* **Problem description**
Below are records; reproduce exactly the lines from the one that has "Gold Plated Sterling" through the one that has "Review (MVD Audio", ends included, and nothing more.

* **The input**
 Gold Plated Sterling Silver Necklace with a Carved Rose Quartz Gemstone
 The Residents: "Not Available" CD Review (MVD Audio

* * *

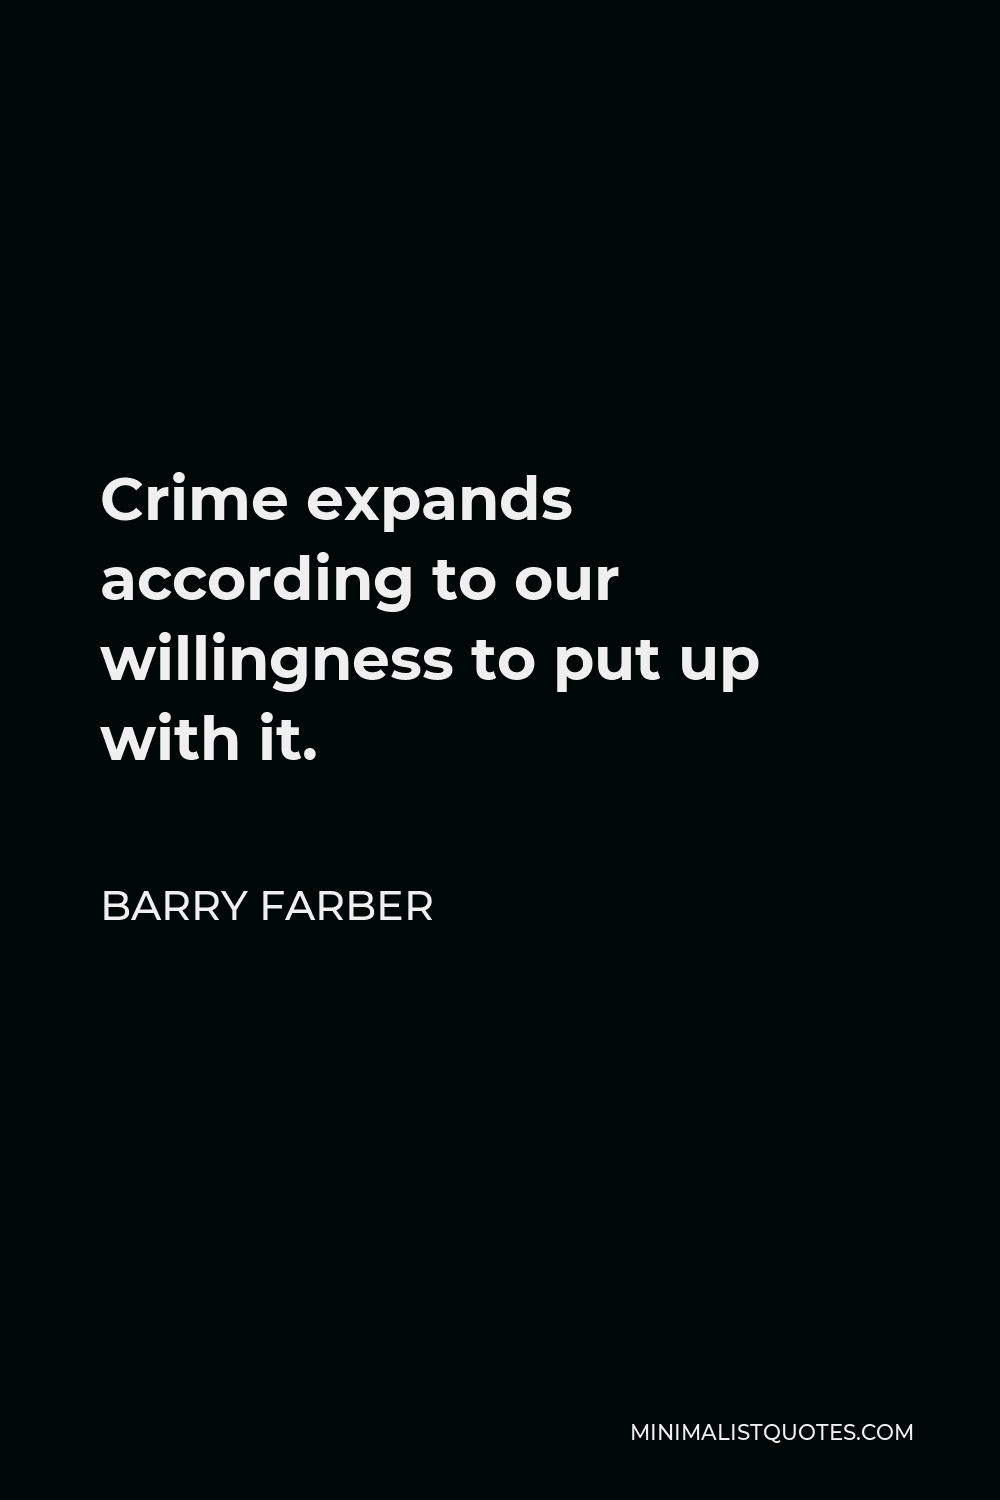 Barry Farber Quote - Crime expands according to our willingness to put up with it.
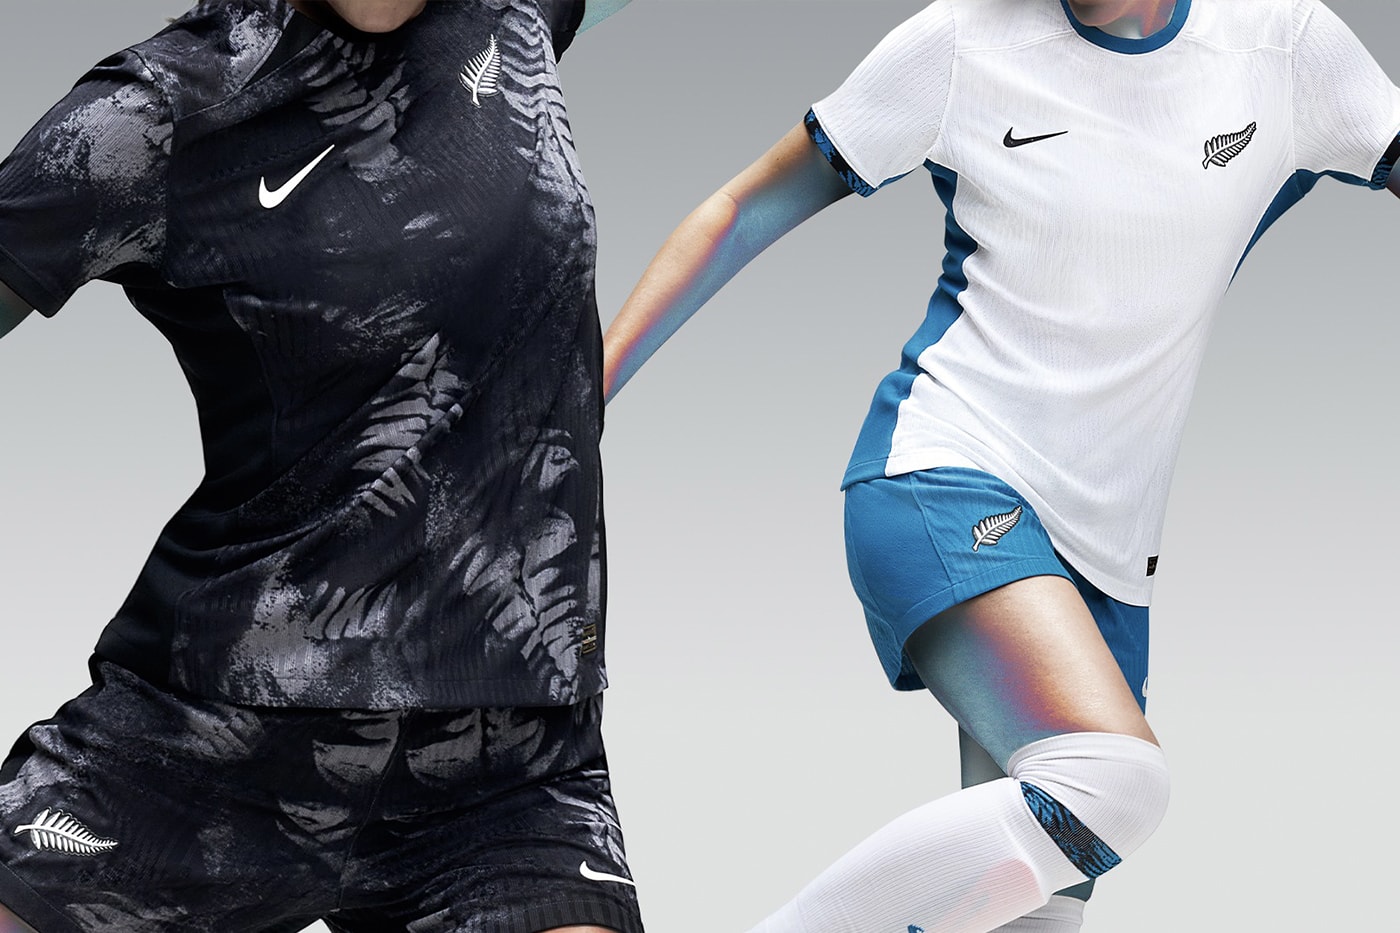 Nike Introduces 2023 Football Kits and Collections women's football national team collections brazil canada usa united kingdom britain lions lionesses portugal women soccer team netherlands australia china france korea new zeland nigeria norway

* **Worked solution**
 Gold Plated Sterling Silver Necklace with a Carved Rose Quartz Gemstone
 The Residents: "Not Available" CD Review (MVD Audio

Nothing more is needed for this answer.